Brancusi como otros artistas singulares del pasado siglo ha sido uno de los escultores más vanguardistas y seminales de la primera mitad del siglo XX, aunque evidentemente y en esta selección de obras transversal se puede comprobar que estuvo influido por tradiciones artísticas de su país natal pero también por el posterior descubrimiento de la estatuaria africana, asiática y egipgia, sin olvidar su amplio conocimiento de la escultura europea. Todo ese rico acervo de imágenes le llevó a innovar constantemente, desde que comenzó a colaborar como alumno de Auguste Rodin, y más adelante con su forma de compartir experiencias plásticas con Amedeo Modigliani y Henri Matisse. Siempre mantuvo un estilo personal, independiente, que le hizo acreedor desde las primeras décadas al estilo Brancusi, en ese diálogo constante entre la tierra y el cielo.
Ese afán innovador le hizo que él mismo decidiera tomar sus fotografías del estudio y de sus obras, que capta desde varios ángulos a partir de los años 20, gracias a la ayuda de un amigo como Man Ray porque siempre le atrajeron los artistas de otras disciplinas como la música, con Erik Satie, la pintura como Léger o Picabia o fotógrafos como Steichen, sin olvidar a Marcel Duchamp o Tristan Tzara. Todo ese encuentro con talentos creativos, muchos de ellos amigos, enriquecieron su mirada y la búsqueda de la esencialidad y misterio de un universo pleno de matices.
En la primera sección de la muestra se desvela cómo en ocasiones Brancusi hizo de modelo de sus propias obras, no sólo sus esculturas y su taller. Es la encarnación del artista-artesano-obrero, perfectamente consciente y actor de su imagen. Y de la apertura que atrajo a su estudio a un grupo heterógeneo de artistas, por lo que tenía de acogedor y enriquecedor para todos.
Sin embargo, quizá la parte dedicada al taller sea un espacio en el que los elementos se conjugan de forma autónoma y gracias a la cámara de fotos o de cine supo plasmar el alma de ese lugar único, con esa conversación entre el mundo interior y el exterior, con la luz entrando por la cristalera. Muchas veces este laboratorio se convierte en un escenario que transforma y embellece todo lo que capta en sus obras.

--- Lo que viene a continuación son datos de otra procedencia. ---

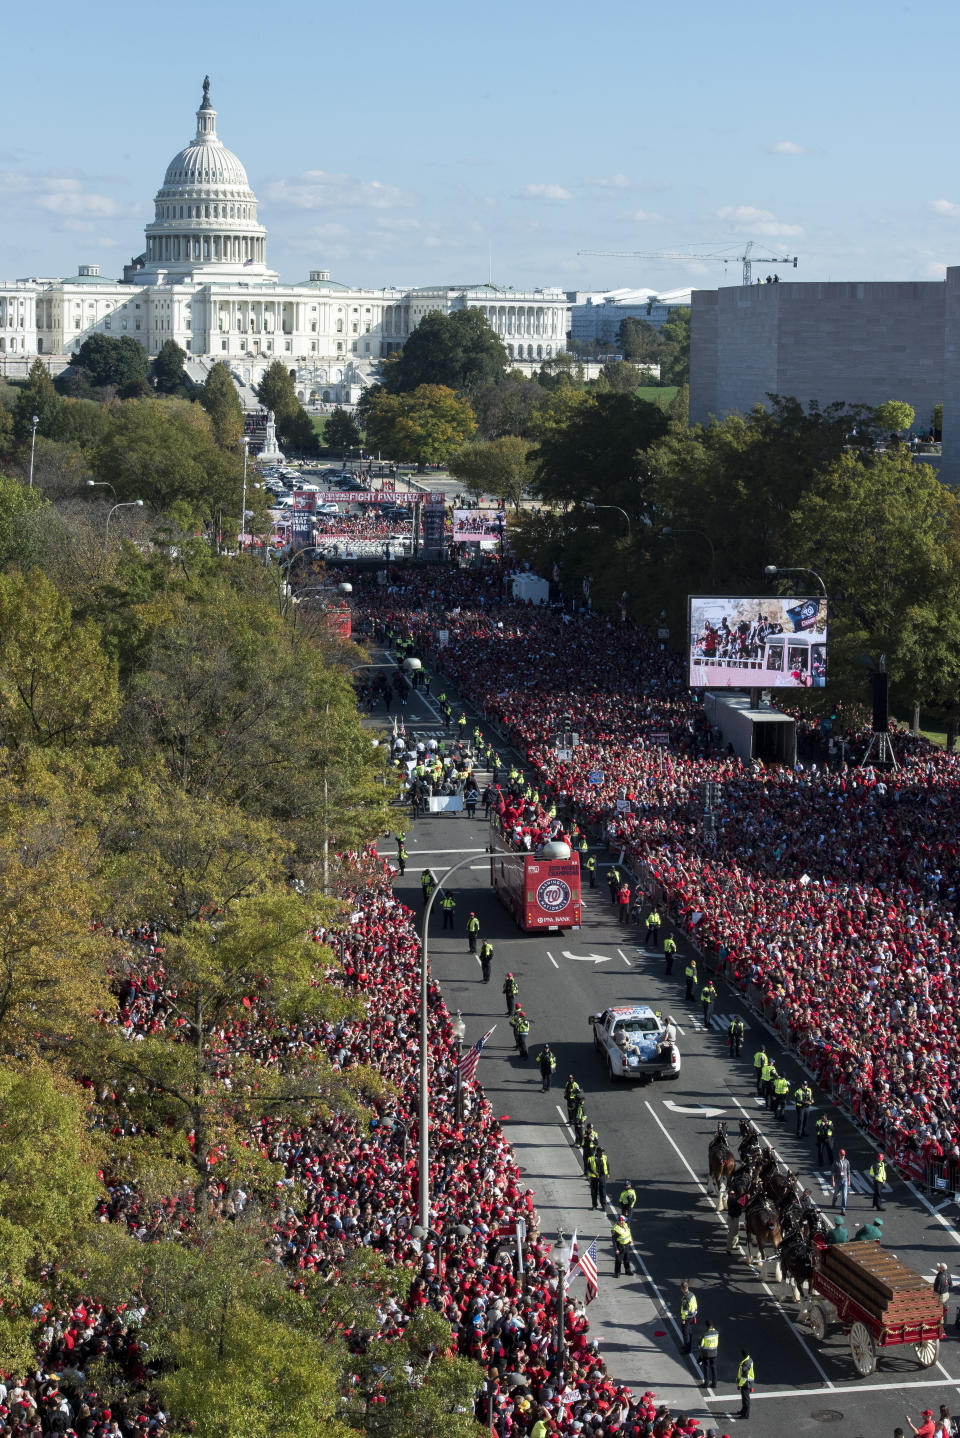 With the Capitol in the background, the MLB Washington Nationals celebrate the team's World Series baseball championship over the Houston Astros, with their fans in Washington, Saturday, Nov. 2, 2019. The Washington Nationals are getting a hero's welcome home from a city that had been thirsting for a World Series championship for nearly a century.(AP Photo/Cliff Owen)

El paso intermedio de la muestra, titulado Lo liso y lo bruto, recuerdan que a Brancusi siempre le atrajo trabajar con materiales nobles como la madera visible en sus pedestales, conectado con el arte tradicional rumano, y la atracción por lo africano y ese tono artesanal que hoy todavía se encuentra en numerosas culturas de ese continente. También le gustaba experimentar con el yeso, el mármol o el bronce, que le terminarán conduciendo hacia cierta abstracción y estilo geométrico, pero como se observa en las fotos y películas hay una inclinación a pulir los materiales hasta el extremo, que gracias a encuadres muy cerrados le permiten trazar juegos de sombras y reflejos luminosos que emanan de los propios objetos.

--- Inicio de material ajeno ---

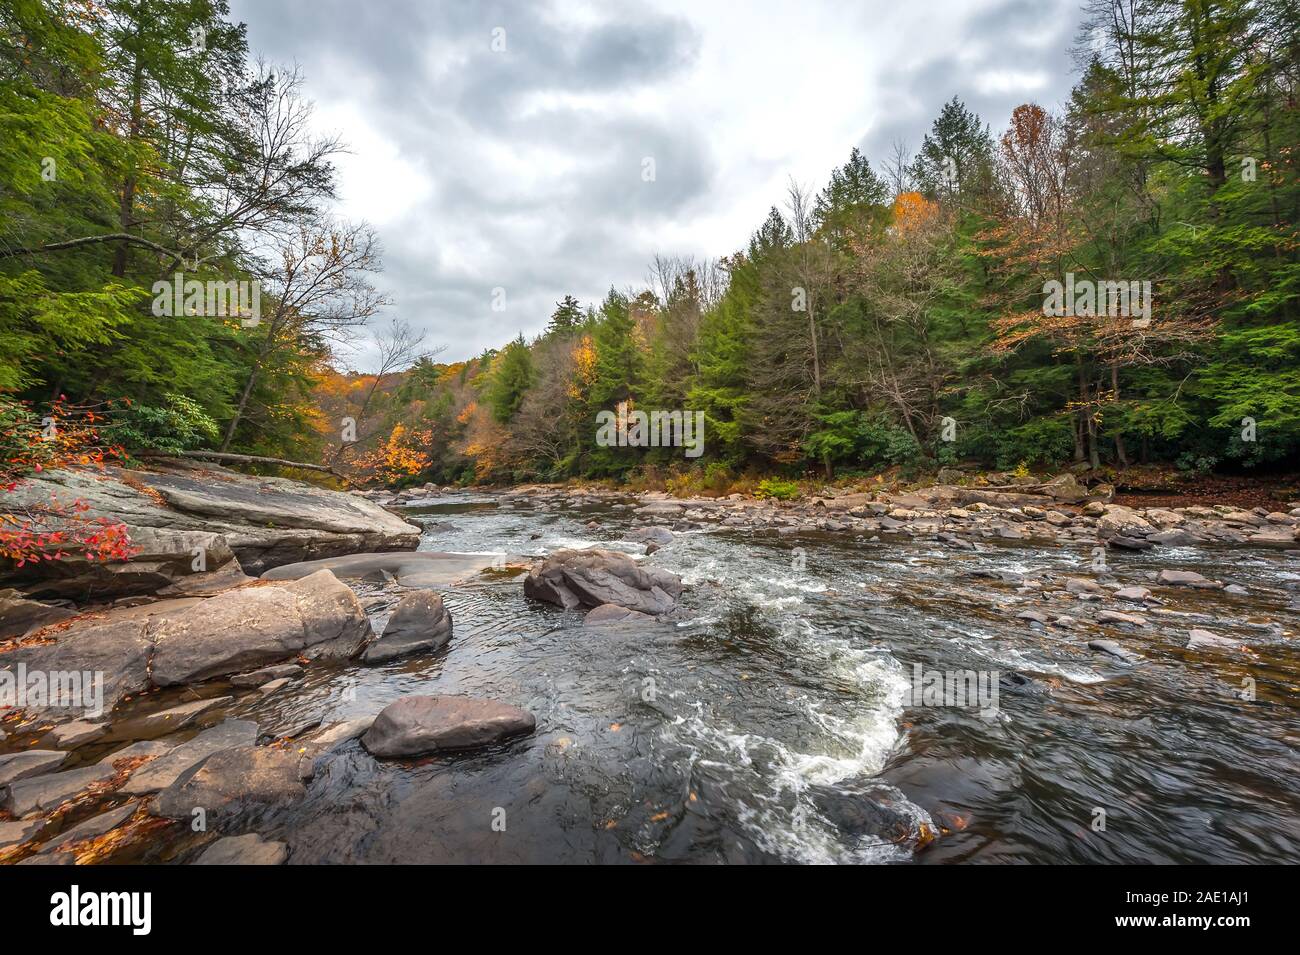 Autumn colors abound along a wild river with rapids in the Appalachian mountains Stock Photo

En Lo orgánico se incluyen imágenes fotográficas o fílmicas que reflejan su pasión por la naturaleza, a través de las hojas de primavera o de las nevadas, en un inmenso homenaje a la Tierra y los elementos que la definen. Y ahí encuentra toda la riqueza orgánica y su fervor por retener los motivos animales para fijarlos en su memoria, algo que conecta con su pasión por los cuentos populares de su Rumanía natal.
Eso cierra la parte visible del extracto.